Tolerability and acceptability
Tolerability of trial medication was monitored throughout the trial by questionnaire at the 4-weekly appointments. Acceptability and willingness to continue the trial treatment was assessed at 12 weeks using a questionnaire tested in previous trials.10, 21 Patients who dropped out from the trial were followed up by phone to assess acceptability and their reasons for withdrawal.
Sample size
A sample size of 84 patients, 21 in each of the four groups, was calculated based on the following assumptions: (a) to detect a difference of 10 mm Hg SBP (s.d.=10) in BP change between each of the active treatment (g1, g2 and g4: n=21, 21 and 21) and placebo groups (ptotal=p1+p2+p4 capsules: n=7+7+7=21), with 80% power and 95% confidence;10 (b) to account for 10% drop-out or non-attendance at one or more appointments; (c) to adjust for clustering using a design effect of 1.2 based on the formula: Design effect=(1+(size of cluster−1) × intracluster correlation coefficient of 0.02). Assuming a response rate of 15%, we estimated that we would need to invite about 840 hypertensive patients from the two large general practices.
Statistical analysis
Analyses were performed using PASW version 18 and SAS version 9.3. Statistical significance was set at P<0.05. Differences between the groups in baseline characteristics were assessed by χ2 and Fisher's exact test of binominal variables (gender, smoking, family history of premature cardiovascular disease, type of BP medication), by Kruskal–Wallis test for ordinal variables (number of BP medication) or one-way analysis of variance with Bonferroni adjustment and post hoc Dunnett's test for continuous variables (age, body mass index (BMI), blood lipids) after testing for their normal distribution by Kolmogorov–Smirnov test.

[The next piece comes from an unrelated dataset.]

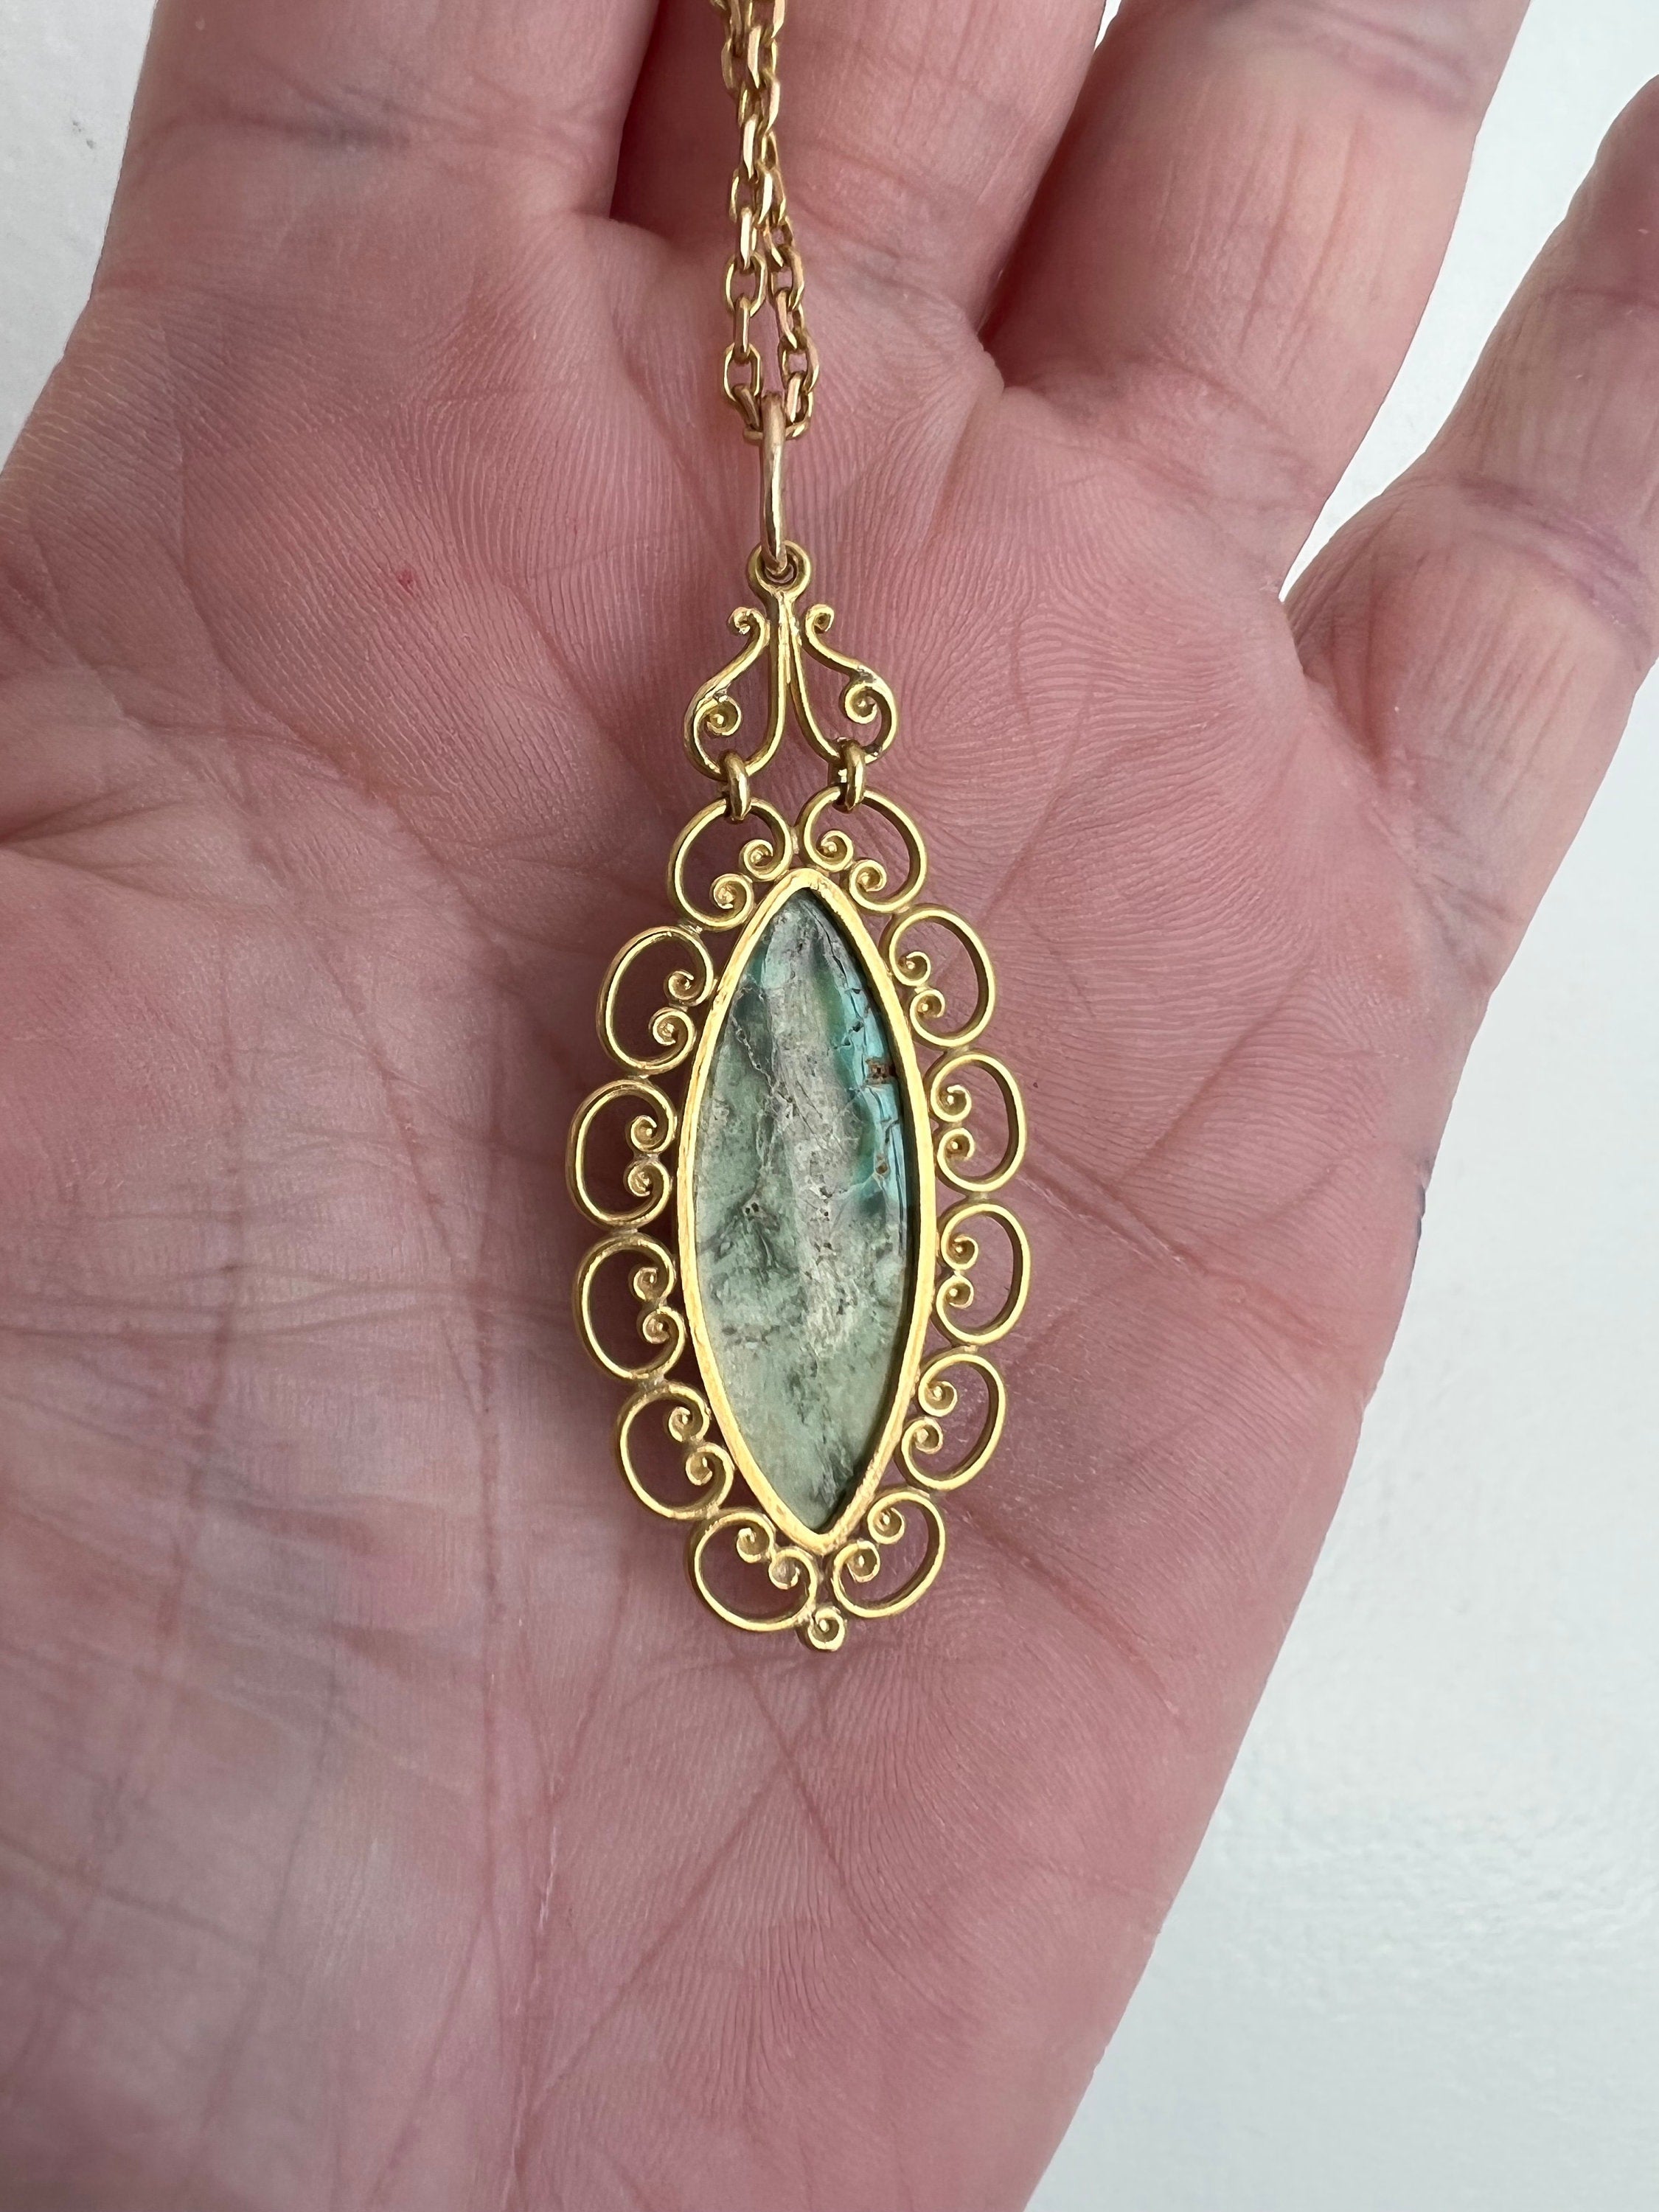 Vintage 18K Yellow Gold Turquoise Pendant and Long Chain.

A linear mixed-effects model analysis was used to assess the mean differences of SBP and DBP between the groups at 4, 8 and 12 weeks and over time compared with baseline. Compound symmetry was assumed. For covariate analysis, we incorporated the following variables into the model to test for potential confounding: age, BMI, gender, smoking status and number of BP medicines. Analysis by type of BP medication was not meaningful because of small patient numbers in the subgroups.
Primary analyses were by intention to treat, including all available data regardless of protocol deviations, and planned adjusted analysis, excluding data points owing to BP medication change or participant's non-compliance.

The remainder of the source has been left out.